The next day seemed ordinary, although Elizabeth told Robert she had a cold. That night the coughing began to become serious, and she was restless and sat up often. In the morning, when Browning wasn’t with her, she took two “Cooper’s pills” to prevent the attack she thought imminent. Again, nothing unusual happened during the day, but she was so sick toward night that she asked her husband for a blister to be applied and some wine, for the congestion in her chest. The “Cooper’s pills,” the mixture of half stout and half porter to which she didn’t often resort, seemed to have too much of an effect. At ten in the evening Browning ran to the chemist’s for the blister, applied it, poured the wine. By one o’clock in
the morning her sufferings intensified; there was an accumulation of phlegm that she could not cough up. Browning left her with Annunziata, the servant who had long since replaced Wilson, dressed, and ran to Dr. Wilson, a physician who had a reputation for maladies of the chest. With great difficulty Browning aroused the porter and the doctor, who followed him back to the Casa Guidi. By now Elizabeth was worse, the congestion unrelieved. She labored to breathe. Dr. Wilson was a specialist. He wrote two prescriptions to go to two different chemists, and off into the night Browning and the porter of the Casa Guidi rushed. The poet returned, and a sinapism was put on his wife’s breast and back while hot water and mustard were put on her feet. She didn’t respond. The doctor stayed until five in the morning. Finally the attack was over, and hopes for her recuperation revived. Still, she had not slept for two nights, spending each “in violent exertion” attempting to breathe.
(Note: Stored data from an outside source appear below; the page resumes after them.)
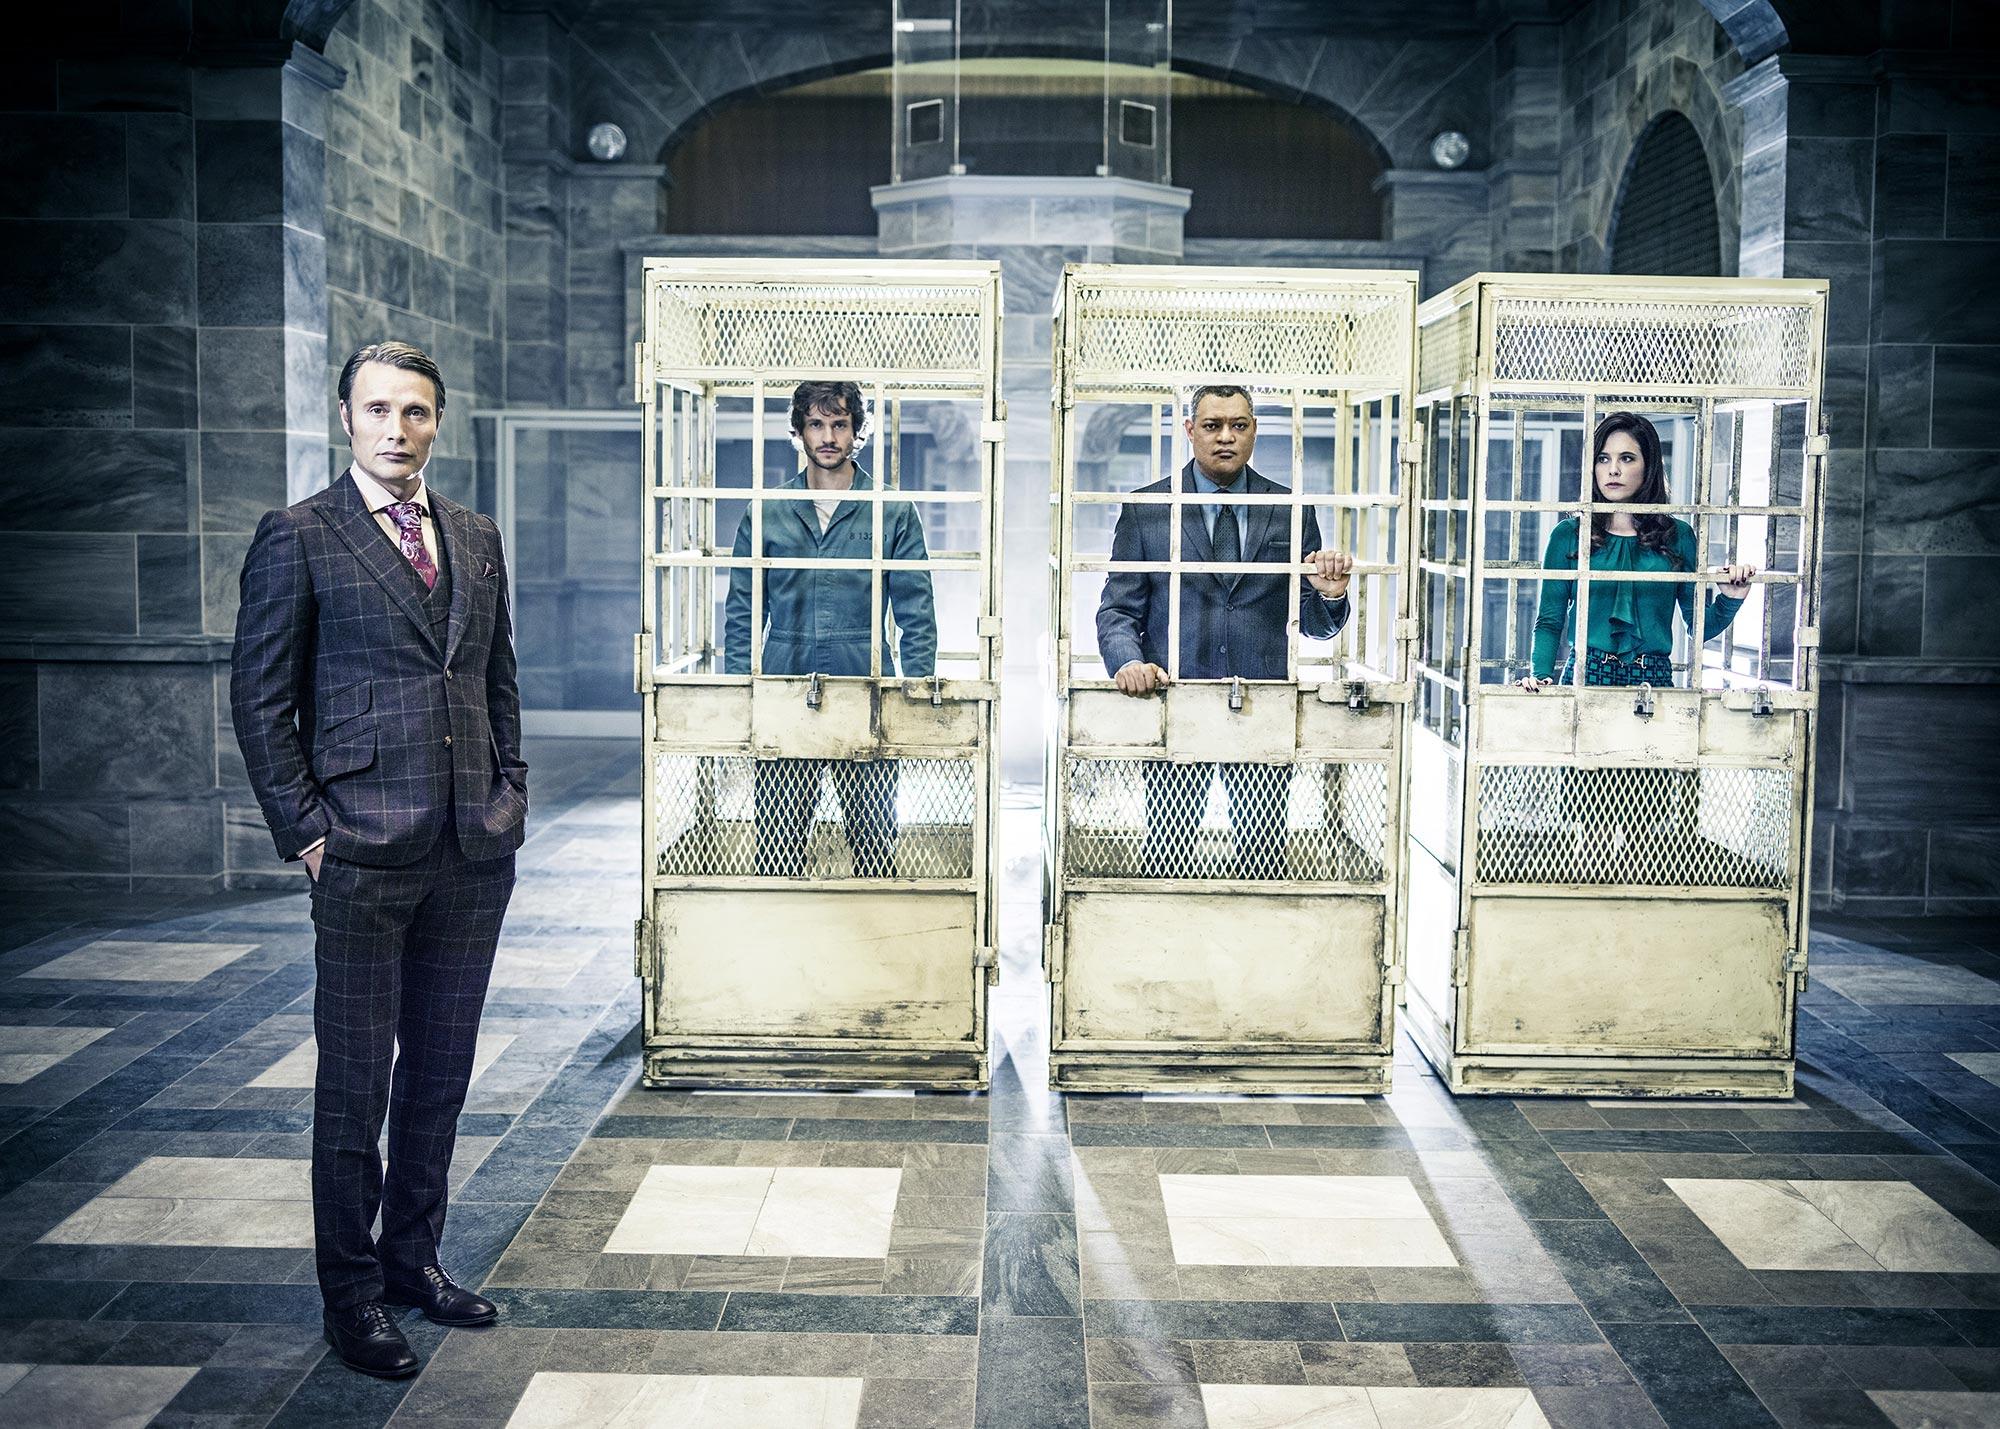 Caroline Dhavernas Hannibal Tv Series Season 2 Promo
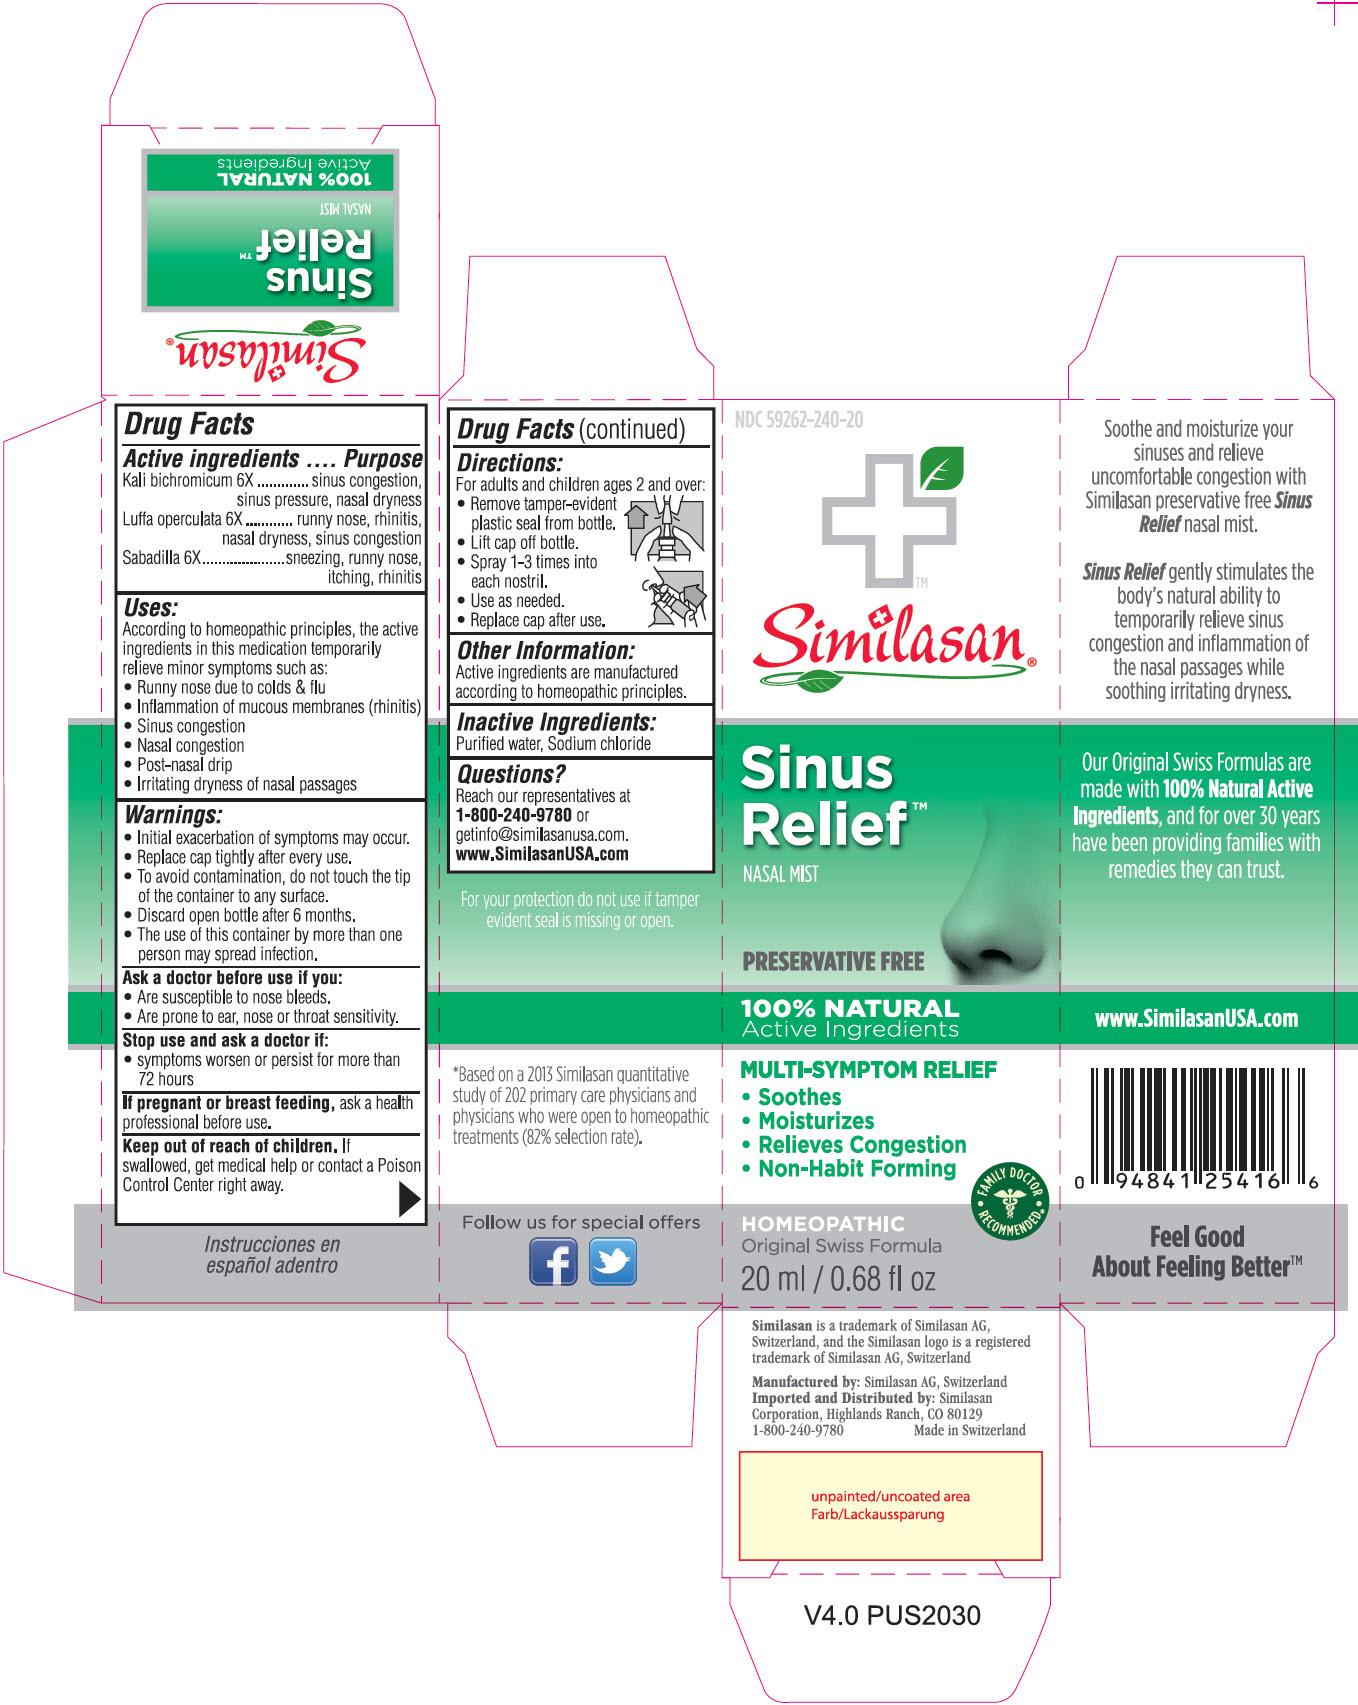 NDC: <a href=/NDC/59262-240-20>59262-240-20</a> Similasan Sinus Relief NASAL MIST PRESERVATIVE FREE 20 ml / 0.68 fl oz
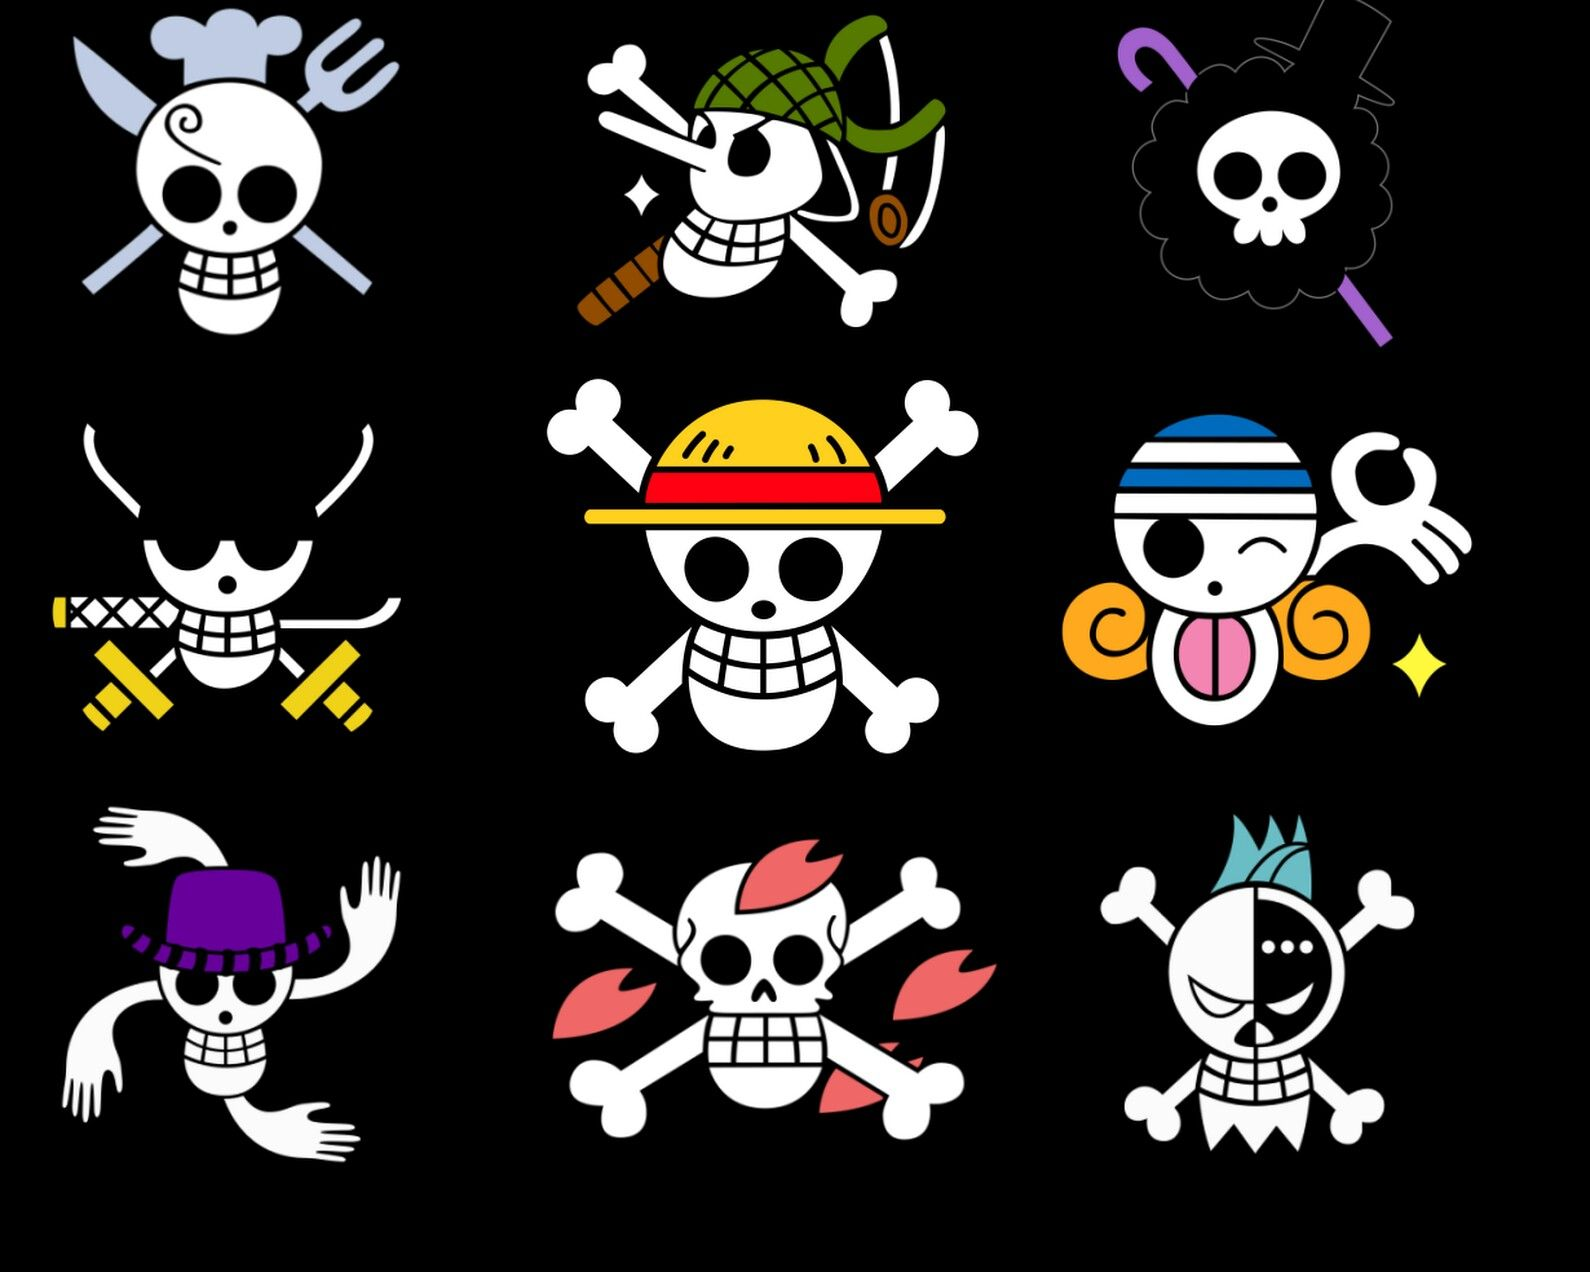 One Piece Symbol One Piece Pinterest Symbols
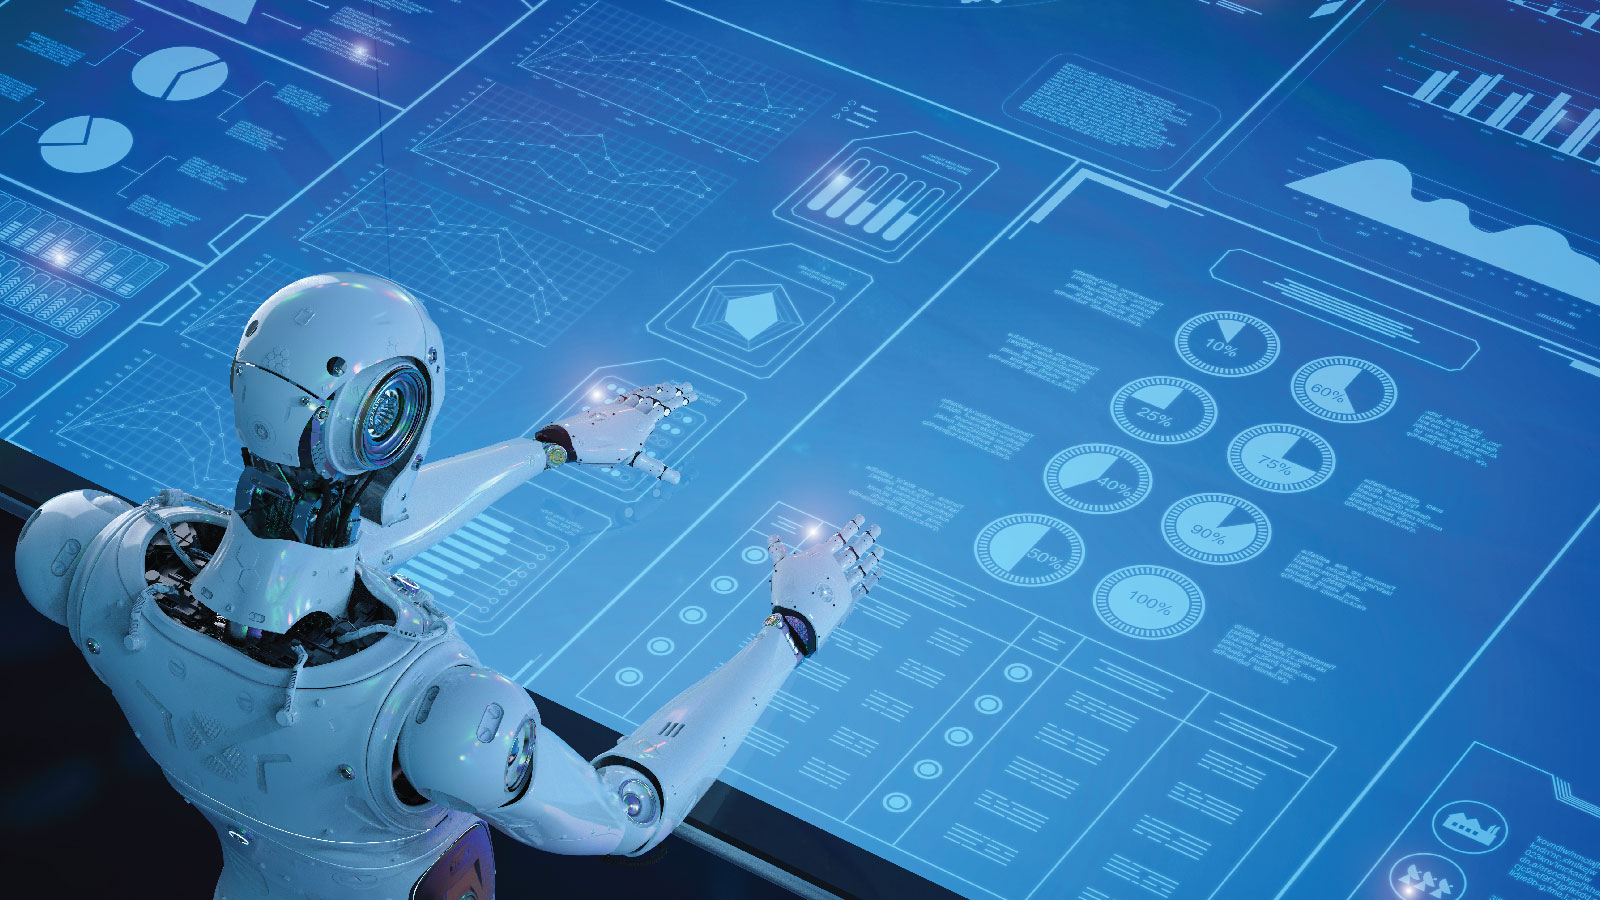 CIO, CTO, CEO, Robotic automation, Robotics, Automation, B2B B2B Enterprises, Robots, Robotic automation, Tom Galluzzo, IAM Robotics, Deloitte, IBM, Robotics Business Review, Robotic process automation, RPA, Algorithms, Forrester, International Federation of Robotics, RPA bots, Walmart, Alibaba, Amazon, Automation, AI, ML, Machine learning, Artificial Intelligence, IT, Warehouse

JOHN RUSKIN, SELF-PORTRAIT. Ruskin believed that portraiture was good for art if the man it portrayed was virtuous. In the early 1860s, he suffered from a crisis of faith and lost many of his friends, but not EBB, to whom he could confide his despair in intimate detail.
In the short days after this attack, Elizabeth would always report that the symptoms were “a little better.” The doctor examined her carefully, however, and reported “with a very serious face, that one lung was condensed (the right) and that he suspected an abscess in it.” Still, Dr. Wilson was aware of her history, of how she had for years pulled through. He couldn’t predict what would happen, except to say, “It would require a long time to get well.”